La apuesta por la privatización del PP criticada por IU al conllevar "empleo de peor calidad"

Alberto López Casillas indica que la tendencia a ampliar las gestiones privadas “se ha incrementado con las últimas prórrogas y nuevos contratos”. Las bajas ofertas que resultan ganadoras “tienen una clara repercusión, empleos precarios y mal remunerados”

El grupo municipal de Izquierda Unida de Ávila muestra su desacuerdo con la progresiva privatización de los servicios municipales, una apuesta “heredada del anterior Equipo de Gobierno del Partido Popular y que parecen estar dispuestos a mantener los actuales miembros” señala Alberto López Casillas, concejal de Izquierda Unida en el Ayuntamiento de Ávila, en un momento en el que las externalizaciones “cada vez abarcan más servicios municipales, lo que podría considerarse una privatización encubierta del ayuntamiento”. Porque si el pasado verano “volvía a salir a concurso el servicio de mantenimiento de las zonas verdes de la ciudad con una ampliación de los jardines que quedaban en manos de la empresa concesionaria, la misma situación nos encontramos con los servicios de limpieza municipal, donde poco a poco se han ido ampliando los espacios dependientes de la empresa concesionaria”.


En el caso del servicio de limpieza desde la formación de izquierdas se recuerda que las prórrogas del contrato han ido aparejadas de la externalización de nuevas estancias.
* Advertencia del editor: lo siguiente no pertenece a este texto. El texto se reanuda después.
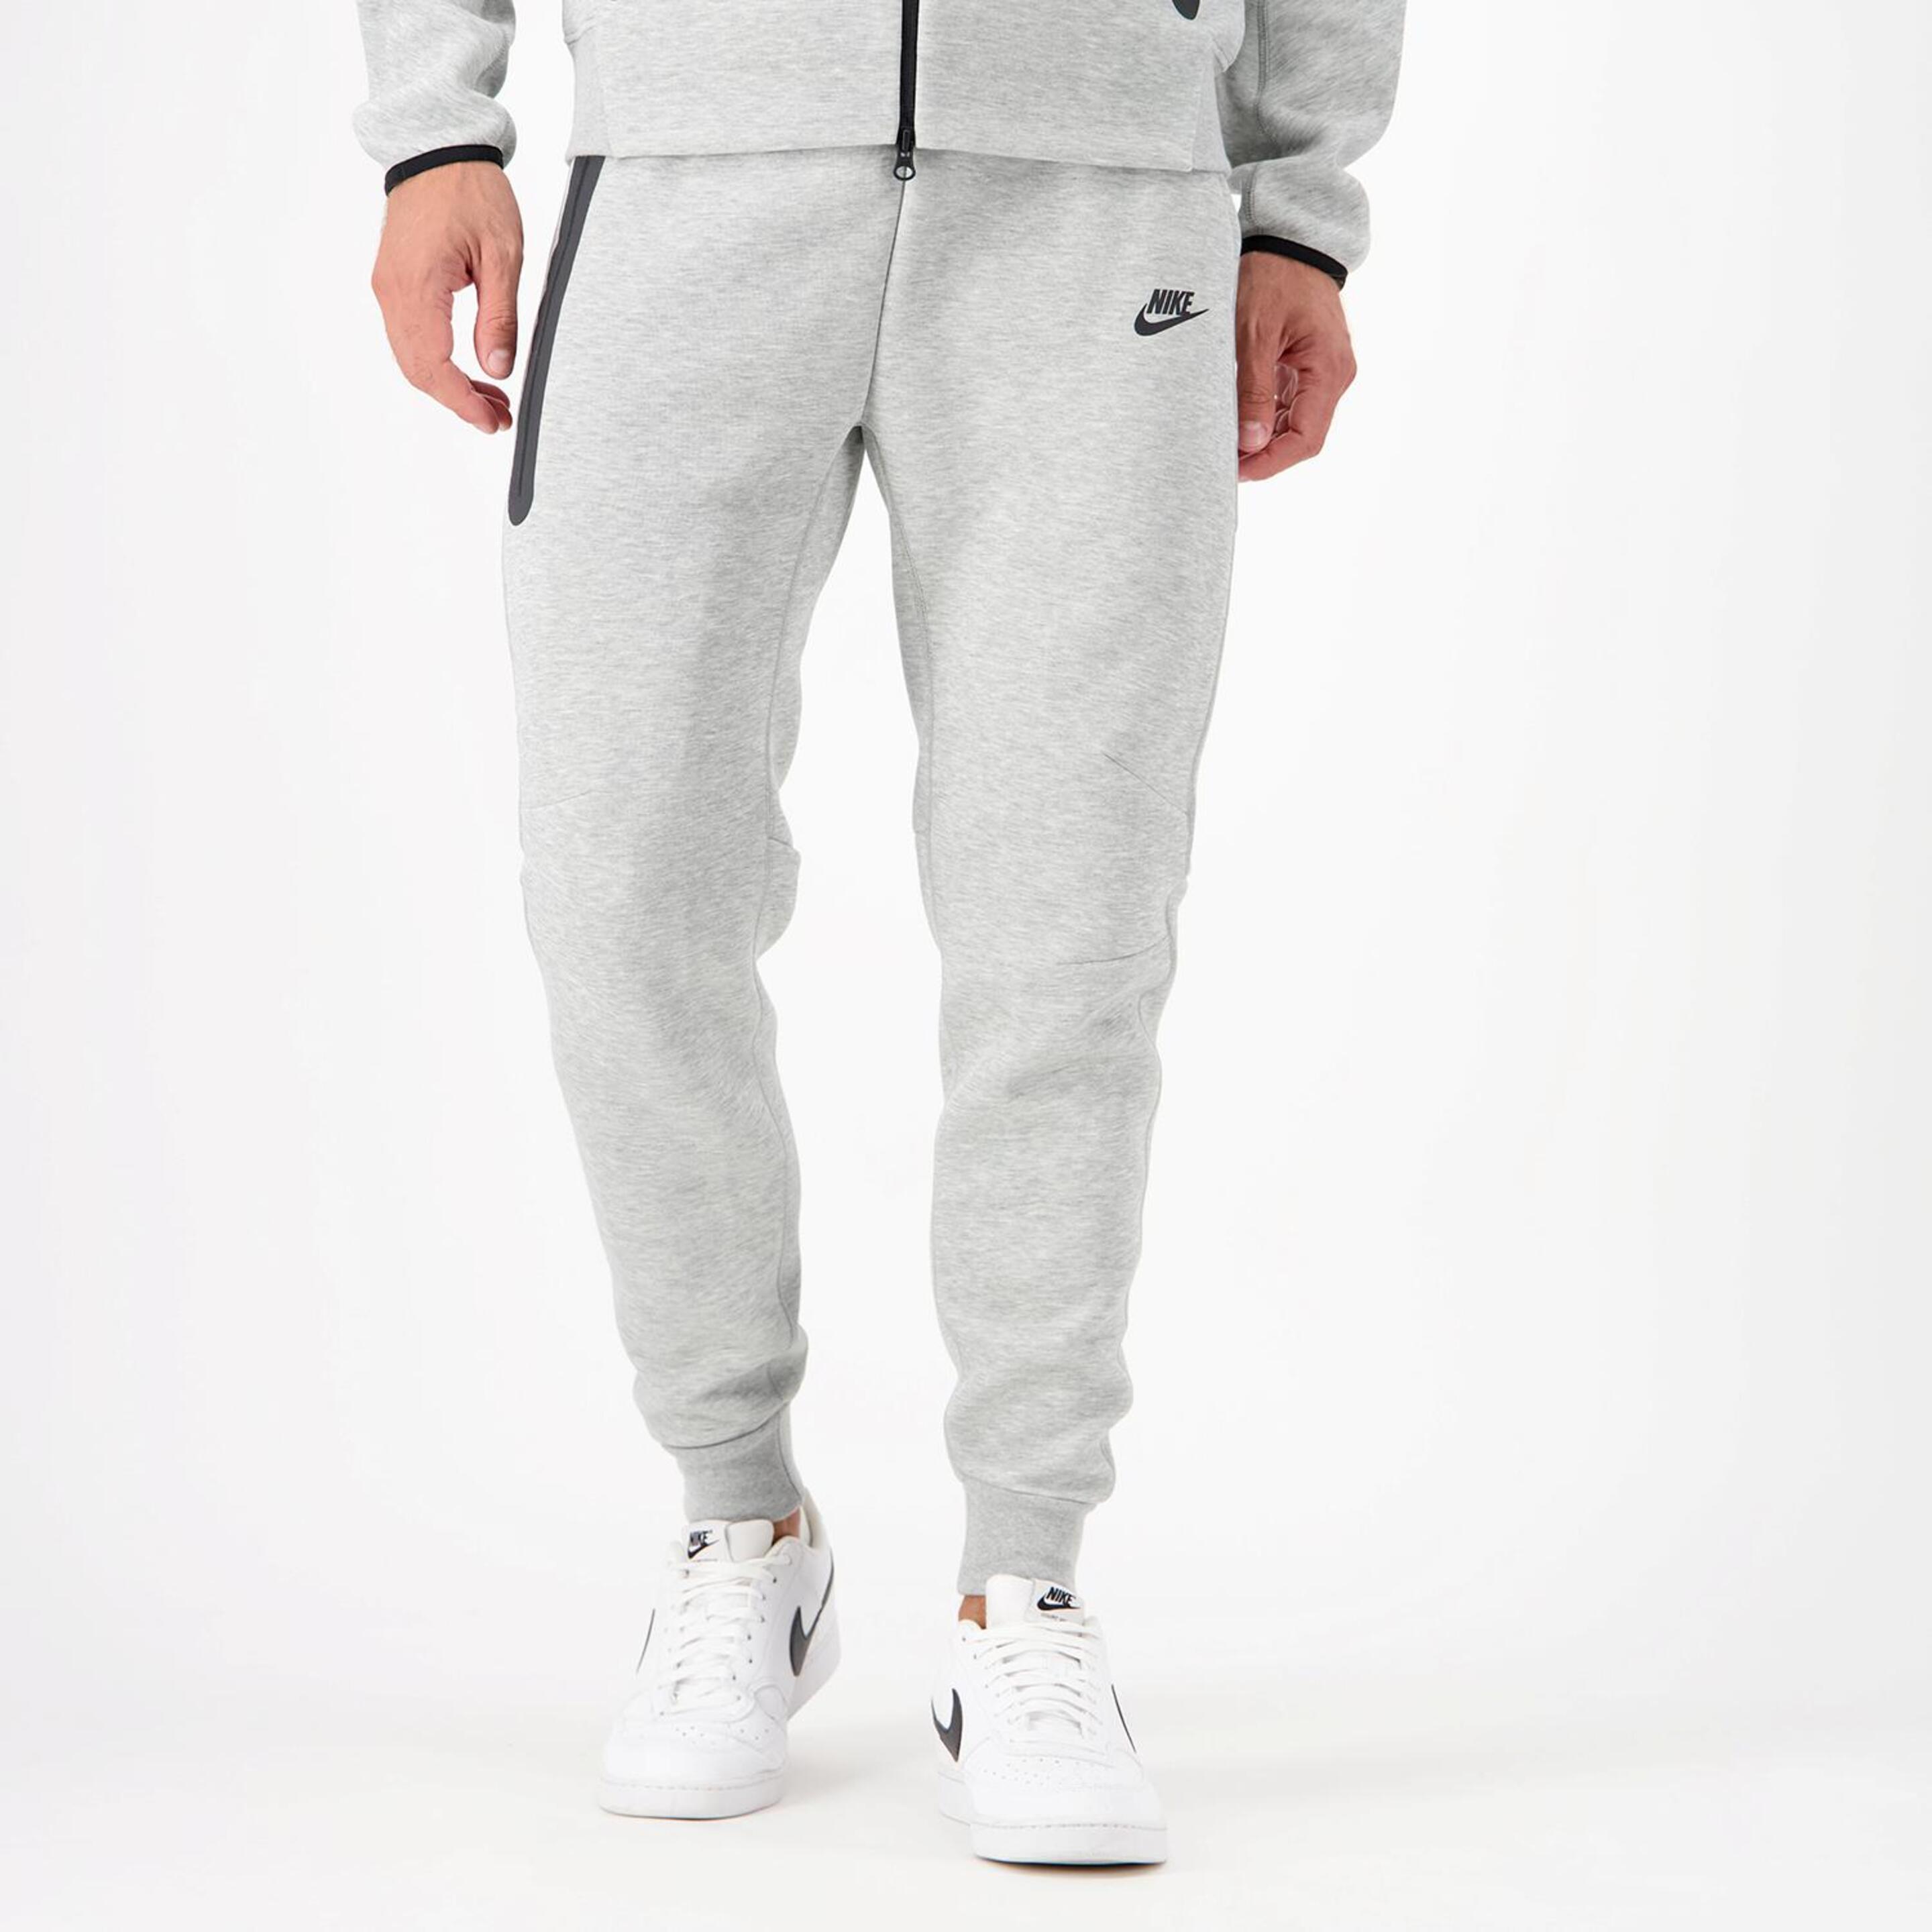 Nike Tech - gris - Pantalón Chándal Hombre

Un incremento progresivo en el que se han ido incluyendo el Episcopio, San Francisco, los Hornos Postmedievales, Los Caprotti o Los Verdugos. “Ya sólo queda por privatizar la limpieza del propio edificio del ayuntamiento”. Y todo ello en un escenario de privatizaciones más polémicas como el servicio de alumbrado o el más reciente caso del 88 Torreones, servicio que tanto Izquierda Unida como PSOE han reclamado que sea gestionado desde lo público.


Precisamente Izquierda Unida ha solicitado un informe sobre los costes que para las arcas municipales ha supuesto el incremento de los espacios privatizados en el contrato de limpieza. Igualmente la formación de izquierdas insta a que se solicite a la empresa el incremento de plantilla que supone el aumento de estos espacios, “dado que tememos que simplemente suponga una mayor carga de trabajo para los actuales empleados”.


Alberto López Casillas señala que esta crítica “no es gratuita sino que se basa en la apuesta por el empleo de calidad que desde Izquierda Unida estamos convencidos que debe proporcionarse y promocionarse desde las administraciones públicas”. Las bajas ofertas, “a nuestro juicio temerarias en algunos casos”, que se están produciendo en los concursos “dejan un margen de beneficio de base tan estrecho que todos sabemos las repercusiones que tienen, y son la reducción salarial, la mayor carga de trabajo y en muchos casos recortes de plantilla”. Situaciones “de las que no puede ser cómplice una administración pública”.